The zeroth step in tuning Lustre is “consult your site-specific documentation”. Your admins will have information about how many Lustre servers are deployed, how much performance you should expect, and any site-specific utilities they have provided to make your life easier. Here are some of the more popular sites:
First, are you using the Lustre file system driver? Nowadays, you would have to go out of your way not to. One can read the romio_filesystem_type hint to confirm.
Next, what is the stripe count? Lustre typically defaults to a stripe count of 1, which means all reads and writes will go to just one server (OST in Lustre parlance). Most systems have tens of OSTs, so the default stripe size is really going to kill performance!
The ‘lfs’ utility can be used to get and set lustre file information.
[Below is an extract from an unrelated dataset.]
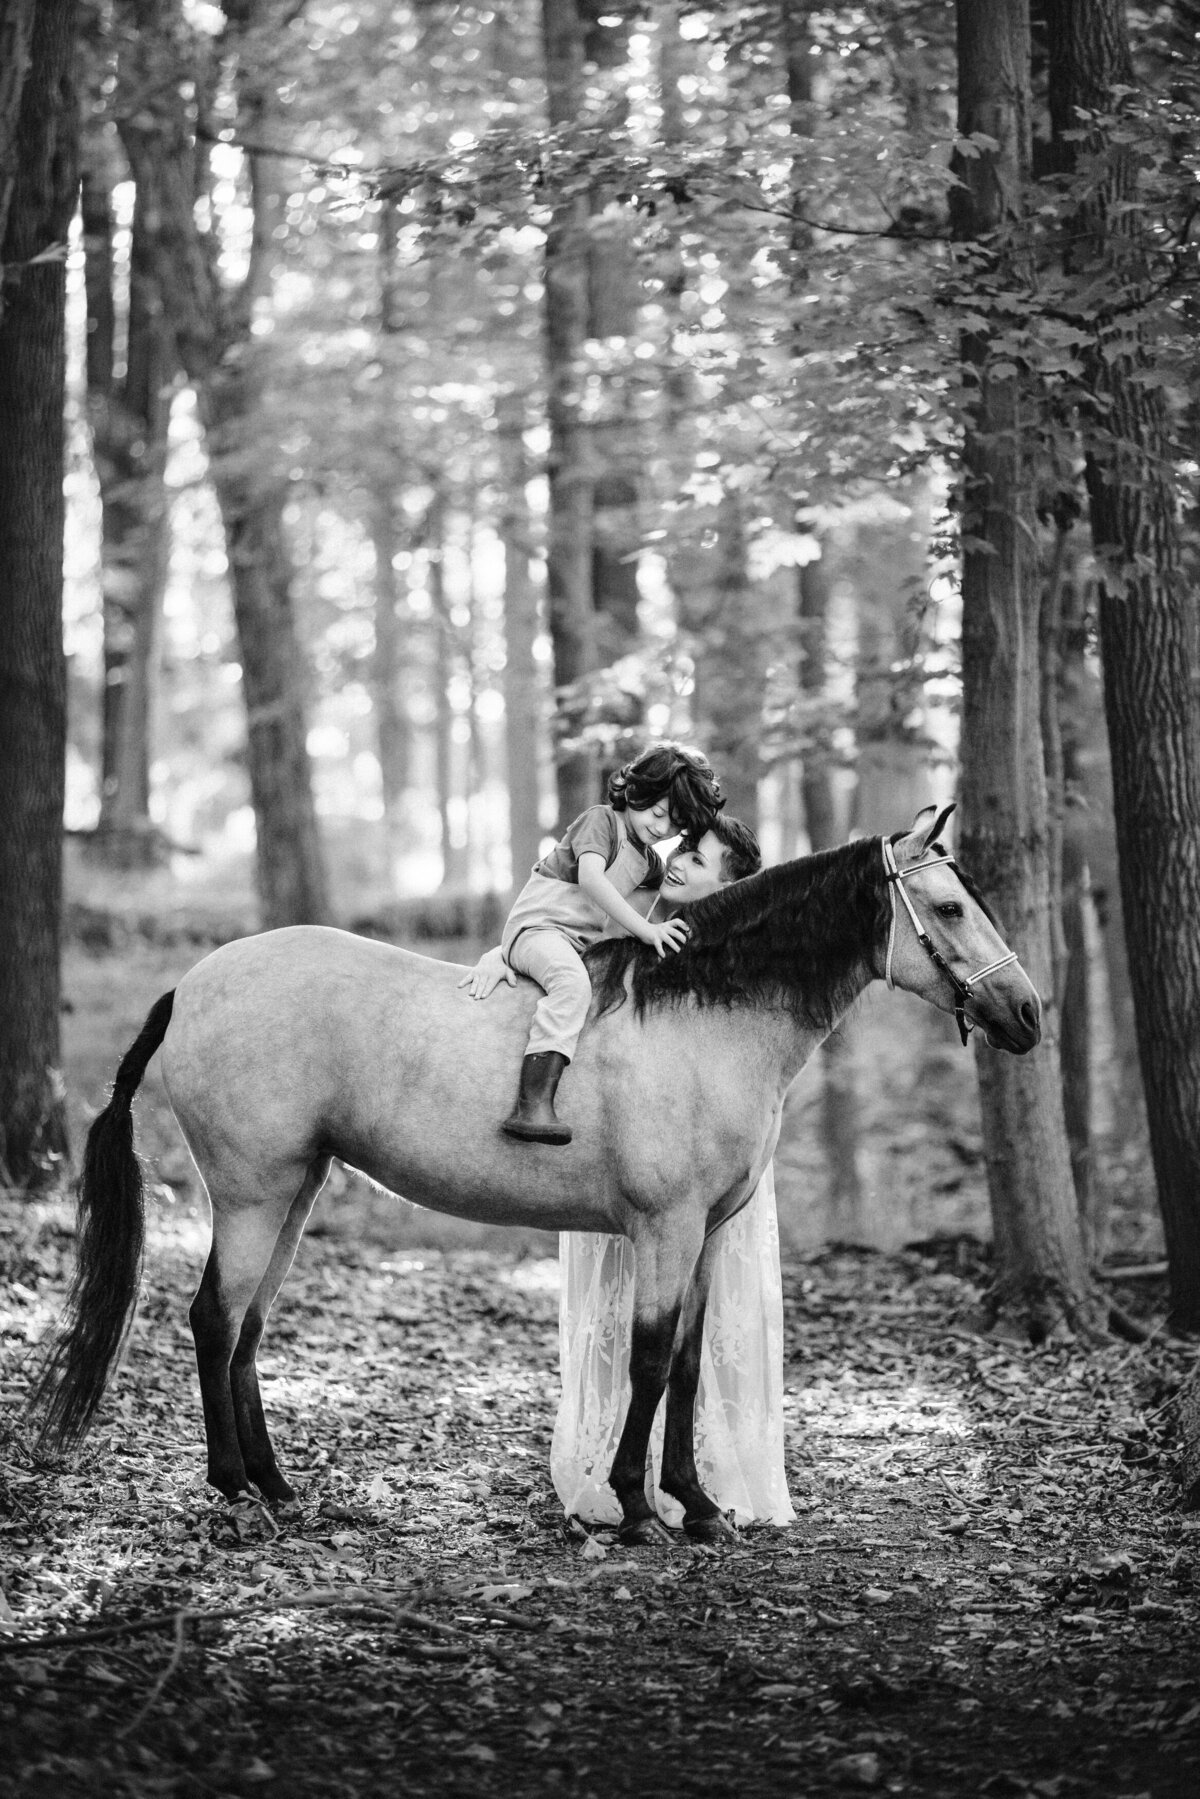 Mother and child take photos on horse during unique family photography session in Princeton, New Jersey.

$ lfs getstripe /path/to/directory lmm_stripe_count: 1 lmm_stripe_size: 1048576 lmm_pattern: 1 lmm_layout_gen: 0 lmm_stripe_offset: 2 obdidx objid objid group 2 14114525 0xd75edd 0x280000400
This directory has a stripe_count of 1. That means any files created in this directory will also have a stripe count of one. This directory would be good for hosting small config files, but large HPC input decks or checkpoint files will not see good performance.
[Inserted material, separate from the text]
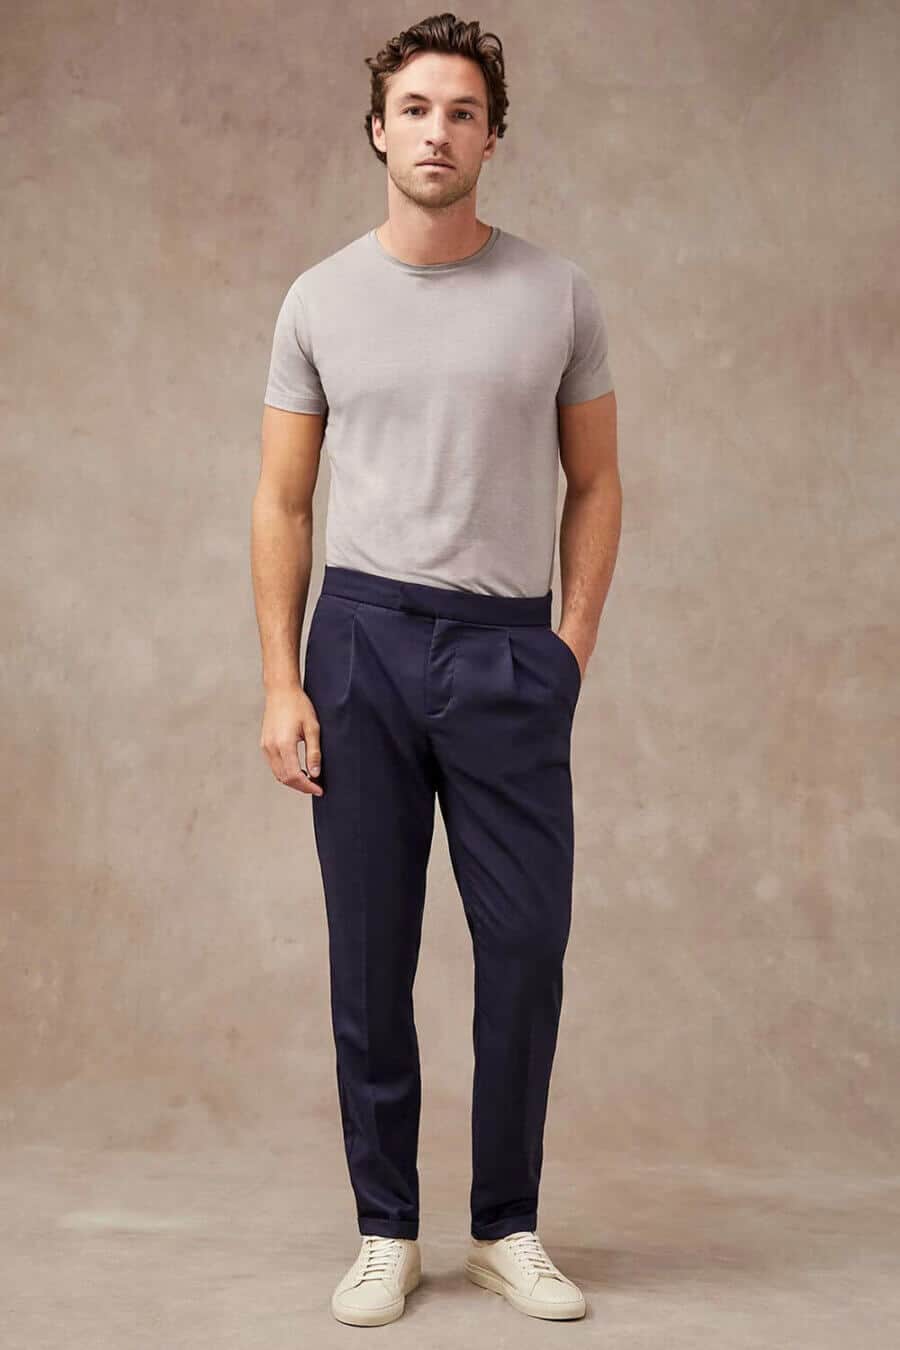 Men's navy pleated pants, tucked in grey T-shirt and white sneakers outfit

When reading a file, there’s no way to adjust the stripe count. When the file is created, the striping is locked in place. You would have to create a directory with a large stripe count and copy the files into this new directory.
$ lfs setstripe -c 60 /my/new/directory
Now any new file created in “my/new/directory” will have stripe count of 60
If you care creating a new file, you can set the stripe size in ROMIO with the “striping_factor” hint:
MPI_Info_create(&info); MPI_Info_set(info, "striping_factor", "32"); MPI_File_open(MPI_COMM_WORLD, "foo.chkpt", MPI_MODE_CREATE, info, &fh);